I have a cluster of 5 nodes, it was running for days with “No cluster leader” but I didn’t notice until I restarted an agent and got errors like:
rpcinsecure error making call: No cluster leader
I stopped all nodes, and started only one with:
consul agent -bootstrap-expect=1 -config-dir=/etc/consul.d/
But still couldn’t make the node become leader, so I ended up bootstrapping the whole cluster from scratch (losing all data).
How could this be fixed or what could be the best way to mark a node as a leader?
I am using the latest stable 1.13.2 but also notice while trying to follow the recovery guide that in the raft directory I don’t have the file raft.json instead I have a raft.db
Just in case this is the configuration I have in all the nodes:
The bootstrap options are solely for creating new clusters. They are not for use on existing clusters, even in recovery situations, and will either do nothing or break things further.
Without logs, and the output of consul operator raft list-peers -stale executed against the API of each server node, there’s no data to know what happened in this case, so all I can say is generalities.
There is no way to “mark” a node as leader, leadership always comes from an election.
To understand why an election is not completing when you think it should, the first thing to check is what is each node’s view of the peer set (the electorate), which is done by consul operator raft list-peers -stale - the -stale allows for getting a response from non-leader nodes.
Once you have confirmed that all nodes do actually agree which nodes are part of the cluster, you can evaluate whether there’s a way to get enough of these nodes talking to each other to generate a quorum.
If there isn’t, that’s when the recovery method involving using a peers.json file to manually replace the peer set with a user-specified configuration comes in.
I think you must have misread, there’s no mention of raft.json.
But I was getting ACL errors (I was missing the operator = read)
I misread sorry I have instead peers.info not peers.json
Any idea of how to test this scenario? I created a 3-node cluster and by just restarting the nodes they automatically find a leader, in the 5 node cluster, all nodes were responding also DNS queries but all the logs show “No cluster lead” apart multiple lines with something like:
[WARN] agent.server.raft: rejecting vote request since node is not a voter: from=X.X.X.X:8300
You may be experiencing problems similar to this other active topic:
But what we really need to see to say for certain is consul operator raft list-peers -stale output from each node, to understand what state the cluster is in. That will requiring finding a suitably permissioned ACL token that already exists on the cluster.
Did you find out what caused the No cluster leader?
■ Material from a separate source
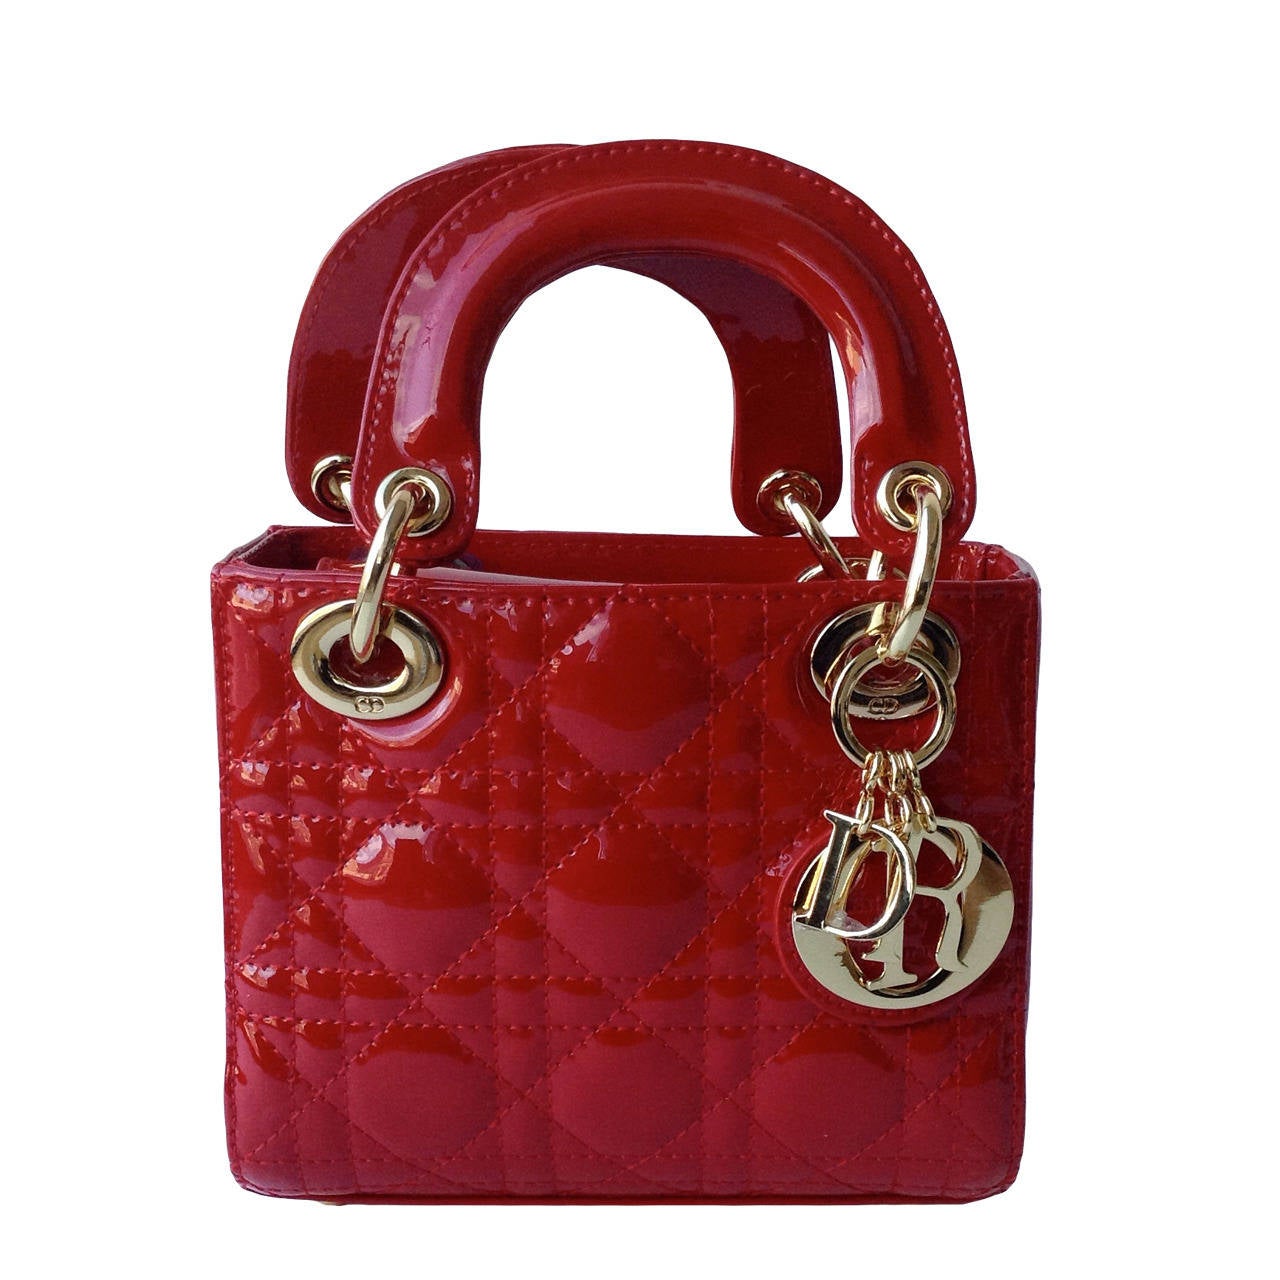 Red Patent Christian Dior Lady Dior Bag For Sale

Regarding recovery in these scenarios, you should follow the peers.json recovery method (linked below).
Why peers.json?
Out of 5 nodes, you stopped all 4 nodes when you didn’t have a leader in the cluster.
Because of the above, the 1 node you are trying to recover still has all the other 4 nodes in its raft pool and will continuously request a vote and fail (as those nodes are down).
The peers.json method helps you define specific agents you want to be part of the raft peer set. In your case, you will have only one left node.
In case you plan to bring the rest of the agents back into the cluster, ensure you clean the data directory on them and start fresh. They will join the cluster as followers, replicate the leader’s data, and continue to function.